My dissertation, In the Beginning was the Sign, examines the entangled histories of literary modernism and mathematical modernity and revisits their claim to a radical rupture with the past. Informed by Lacanian psychoanalysis, media theory, and deconstruction, I trace how the interplay of literary and mathematical form transformed classical imaginations of the human. Authors like Carl Einstein, Robert Musil or Ernst Cassirer challenge the organic concept of subject formation as Bildung with a new and purely symbolic kind of mathematical abstraction that informs their writing on both thematic and formal levels. In the tradition of Plato’s Meno, they adduce these new forms of mathematical knowledge to find genuinely modern answers to the classical question of the good life. Paradoxically, in striving to portray their own time as a radical novelty that was able to break with its cultural heritage, these authors summon the canon at its most canonical.
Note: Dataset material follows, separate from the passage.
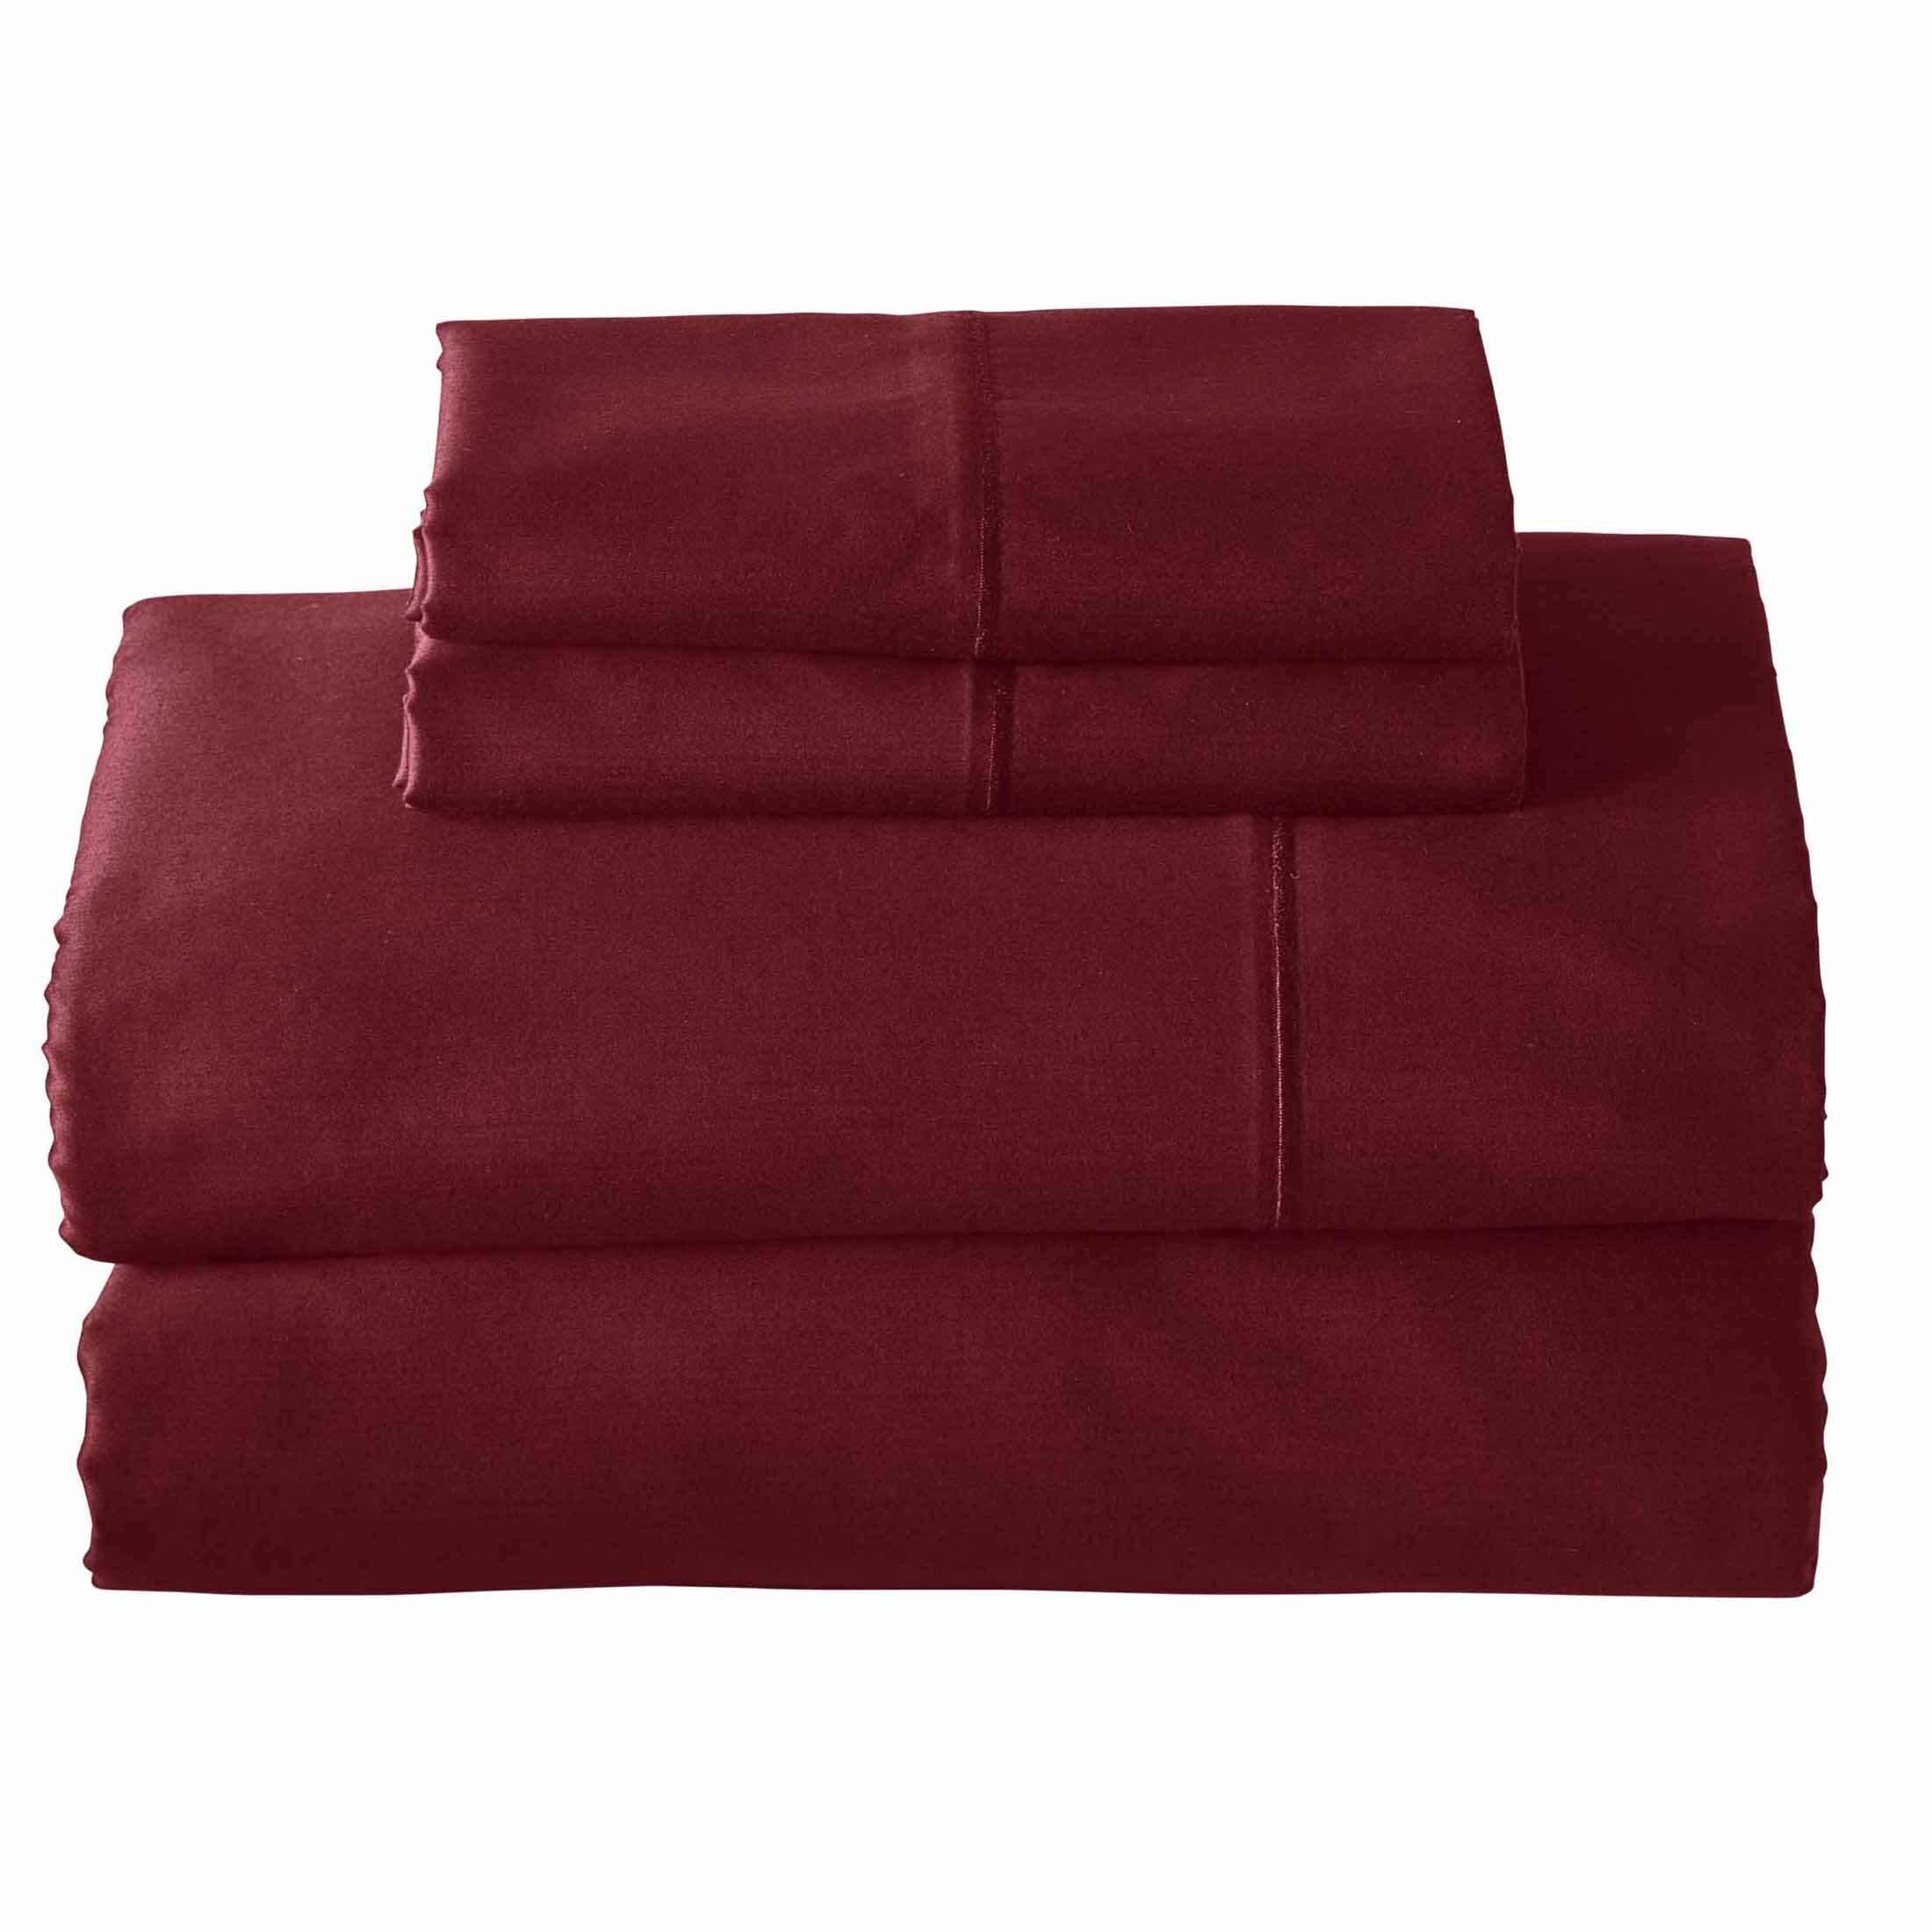 Better Homes & Gardens 3-Piece 400 Thread Count Deep Redwood Performance Hygro Cotton Sheet Set, Twin - image 5 of 6

The mathematician Hilbert, for instance, rewrites the opening of the Gospel of John, translating logos as ‘sign’ rather than ‘word.’ Analyzing literary, philosophical, and mathematical texts in German, English, and French, I show that the questioning of the logical foundations of thought in the so-called foundational crisis in mathematics was re-mediated through a new genealogical exploration of the foundations of European rationality in the texts of classical antiquity.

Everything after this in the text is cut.